BGE Reranker Base
Property | Value |
---|---|
Parameter Count | 278M |
License | MIT |
Languages | Chinese, English |
Framework | PyTorch, ONNX |
What is bge-reranker-base?
BGE Reranker Base is a cross-encoder model designed for efficient reranking of search results and document pairs. Unlike traditional embedding models, it directly computes relevance scores between query-document pairs, offering higher accuracy for ranking tasks. The model contains 278M parameters and supports both Chinese and English languages.
Implementation Details
The model utilizes a cross-encoder architecture based on XLM-RoBERTa, performing full-attention over input pairs to generate accurate relevance scores. It's optimized using cross-entropy loss and can be deployed using PyTorch or ONNX for efficient inference.

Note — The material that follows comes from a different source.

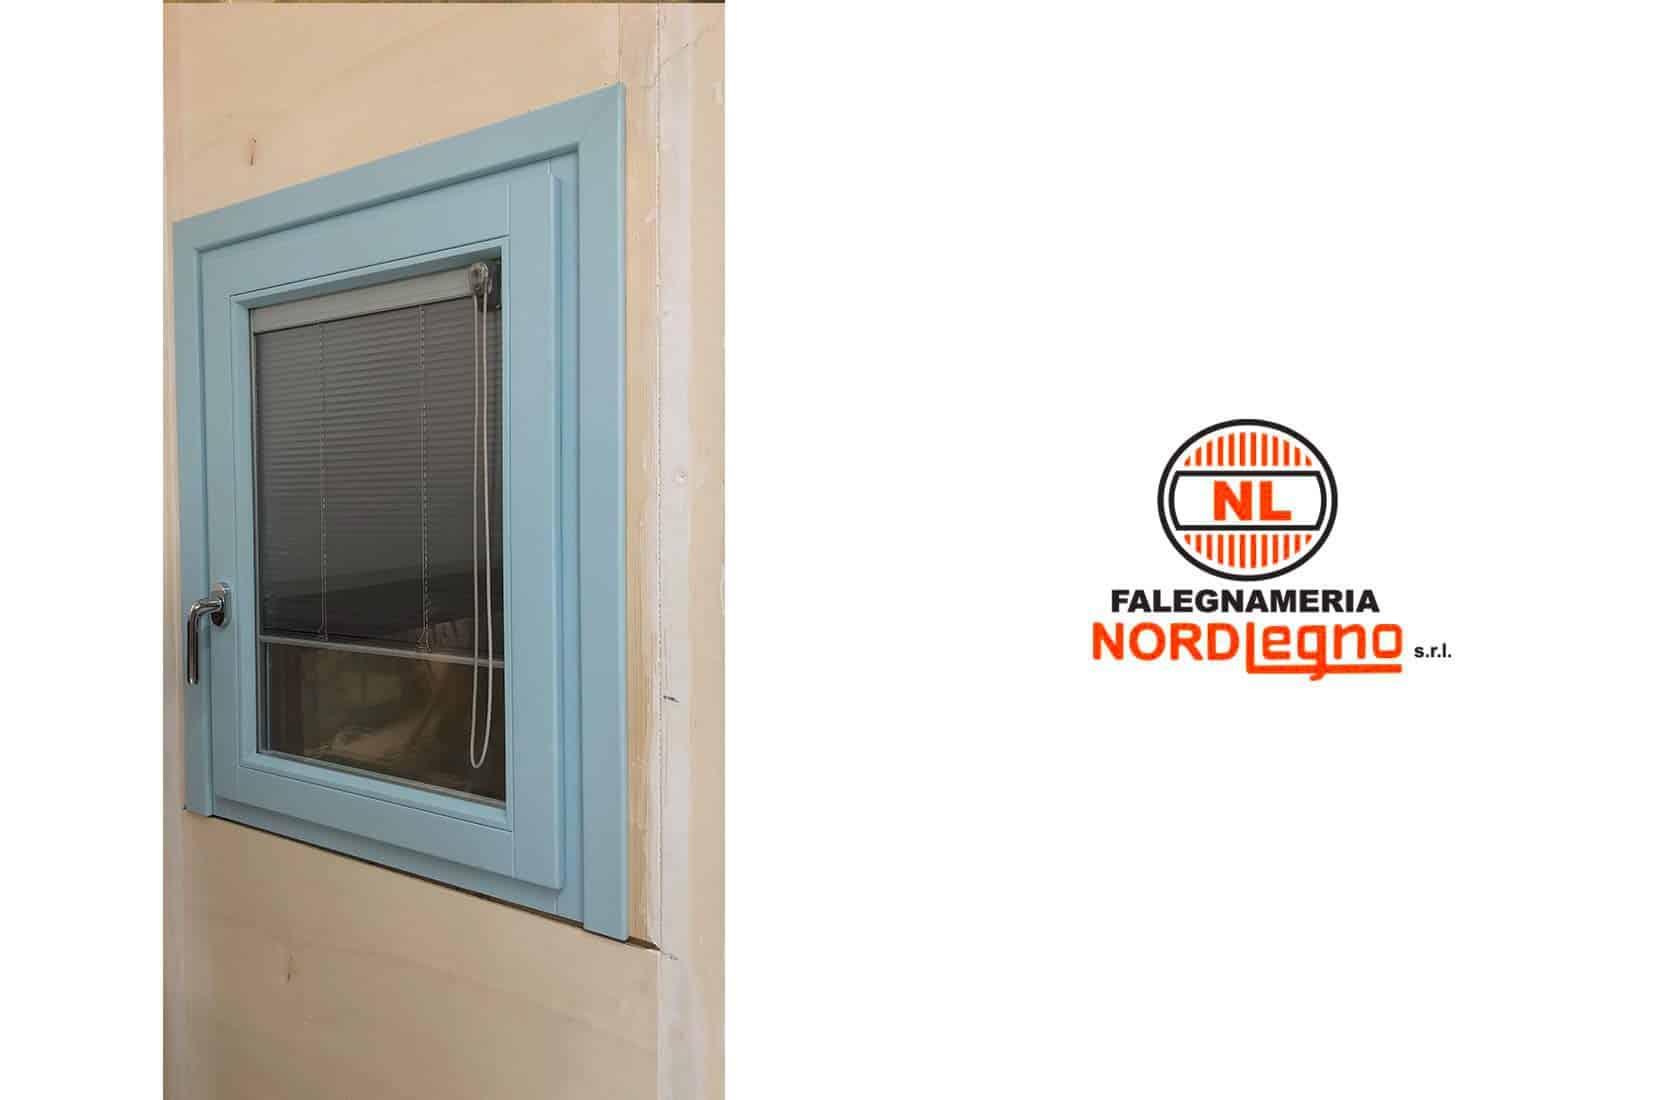 Falegnameria-calangianus-nord-legno-infissi-esterni-legno-alluminio.jpg
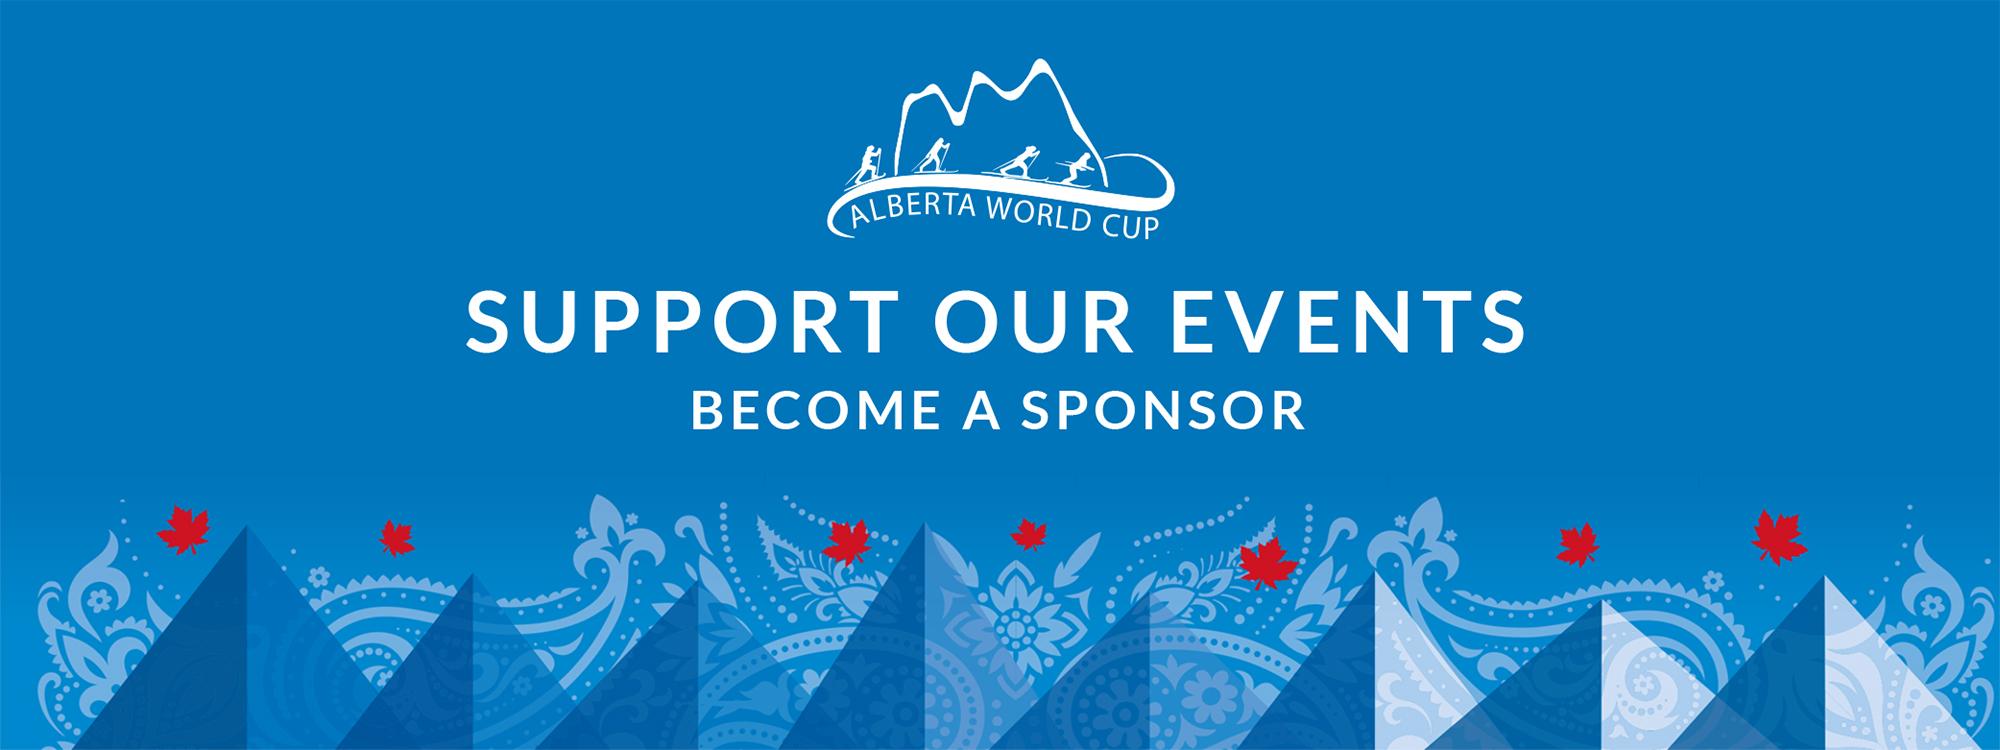 Canmore Alberta Canada Community Sponsorship

- Achieves MAP scores of 81.27% on CMedQAv1 and 84.10% on CMedQAv2
- Supports both PyTorch and ONNX runtime for flexible deployment
- Includes Safetensors implementation for enhanced security
Core Capabilities
- Bilingual reranking support for Chinese and English content
- Efficient reranking of top-k search results
- Strong performance on medical domain tasks
- Compatible with text-embeddings-inference systems
Frequently Asked Questions
Q: What makes this model unique?
The model uniquely combines cross-encoder architecture with bilingual capabilities, offering superior reranking performance compared to traditional bi-encoder models while maintaining practical inference speeds for production use.
Q: What are the recommended use cases?
The model is ideal for reranking top-k search results from a first-stage retriever, particularly in bilingual contexts or medical information retrieval scenarios. It's best used as a second-stage ranker after initial candidate retrieval.